Death's Door review - wonderfully honed Zelda-like with a soulful edge

Death's Door

Reaping souls of the dead and punching a clock might get monotonous but it's honest work for a Crow. The job gets lively when your assigned soul is stolen and you must track down a desperate thief to a realm untouched by death - where creatures grow far past their expiry.

I keep coming back to rhythm with games like this. Rhythm's always had a part to play in action games, where good combat is a dance, and bad a little out-of-step. It's all in the one, two, dodge, the little passive mental counter ticking over from that boss' second smash to the third, the half a beat between the third and the jump.

So it is with Death's Door, a sumptuously beautiful Zelda-like about the immutable beat of time, the rhythm of life and death. Except there's something else, hard to place, that seems to give it something extra. Death's Door has something, like a flavour that maybe isn't actually a flavour, more of a sensation. Umami. What's the umami of dance?

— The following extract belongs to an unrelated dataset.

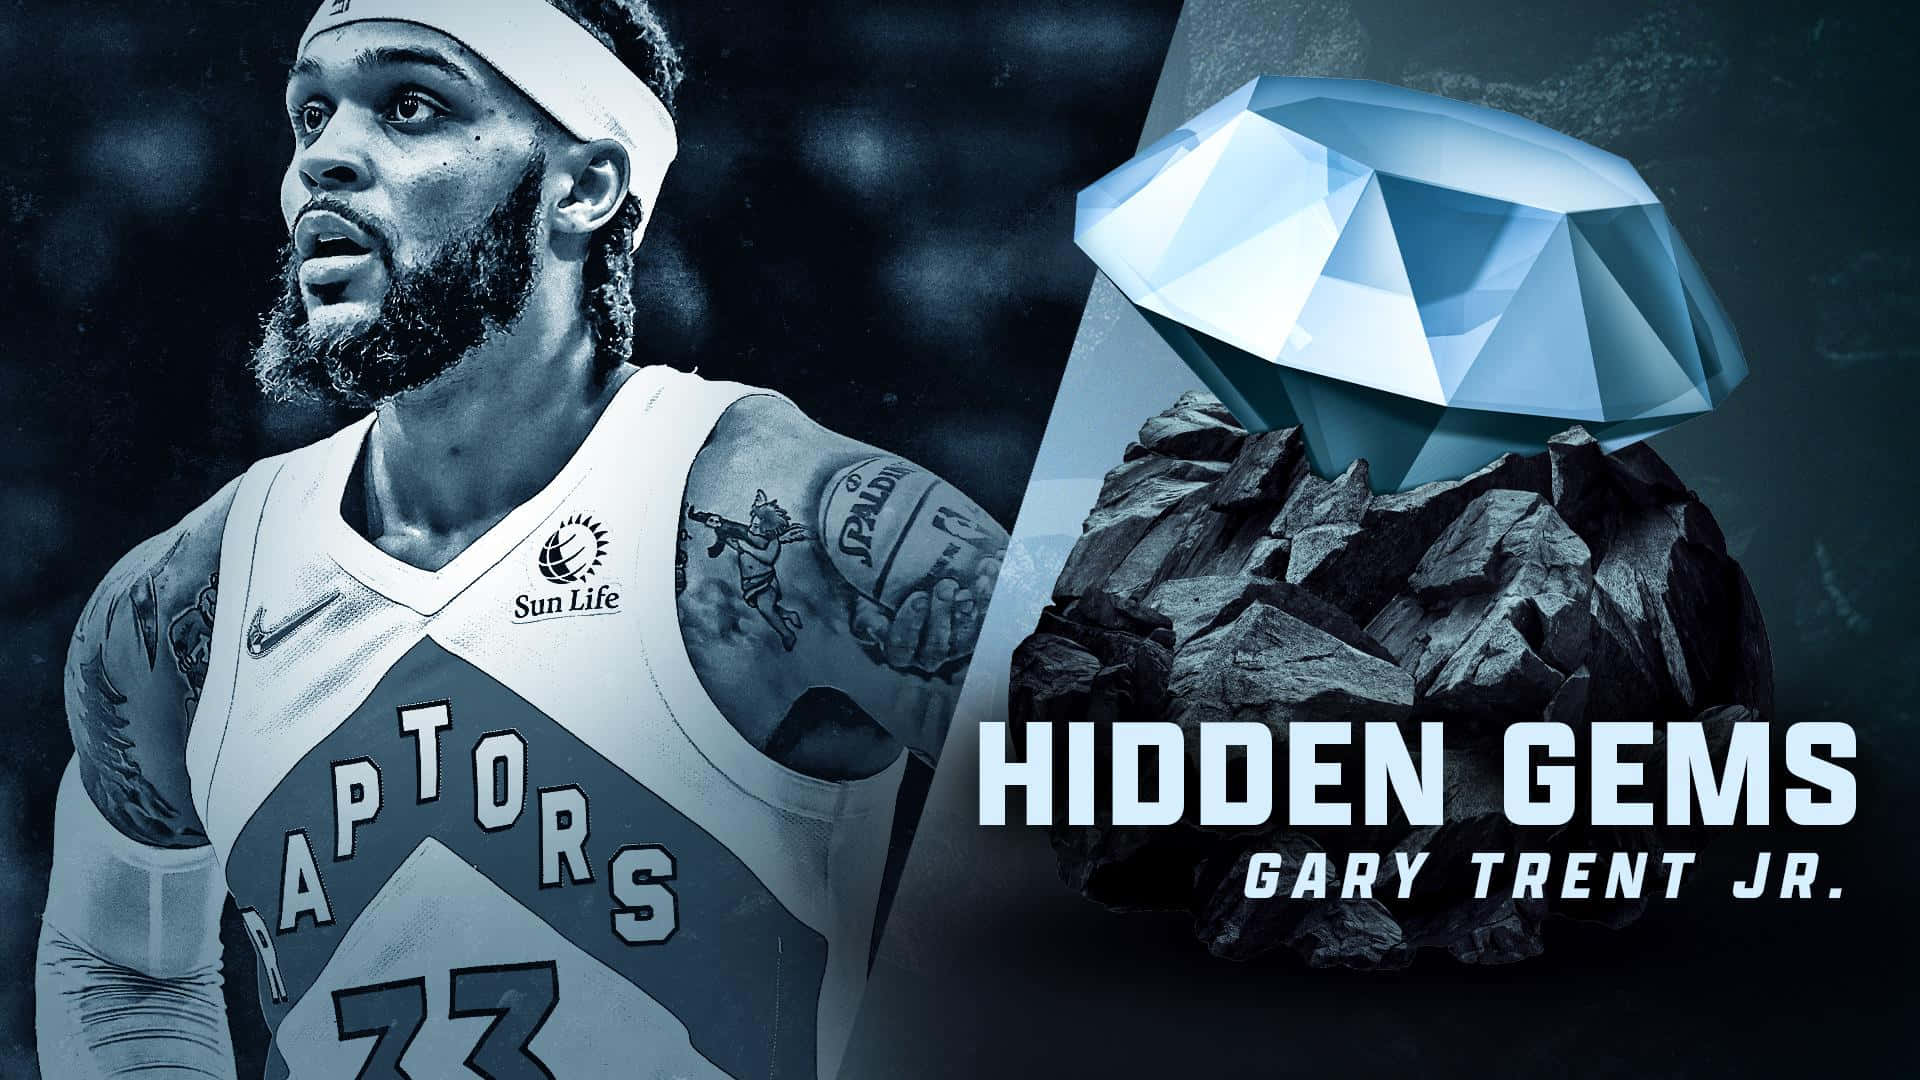 Garytrent Jr., Una Joya Oculta De Los Toronto Raptors. Fondo de pantalla

Acid Nerve's last game was Titan Souls, which came out way back in 2015. Titan Souls is one of those games that's all about simplicity - you get one arrow, you die in one hit, you have a world to explore and quite a few bosses to kill, off you go. Its cleverness is the classic indie creative cleverness, where you give yourself an arbitrary restriction to keep things focused, keep the concept pure, and then you just build outwards from there. And it's important context here, because build outwards from Titan Souls and you'll arrive more or less exactly at Death's Door, a game with no restrictions but plenty of restraint. Bosses, combat, a mysterious overworld, some lightly puzzling environments - the totality of the first is the foundation of the next, and so the impression is one of clarity: as a studio, Acid Nerve comes across as having a clear plan, a clear trajectory, but then as a result of that so do its games.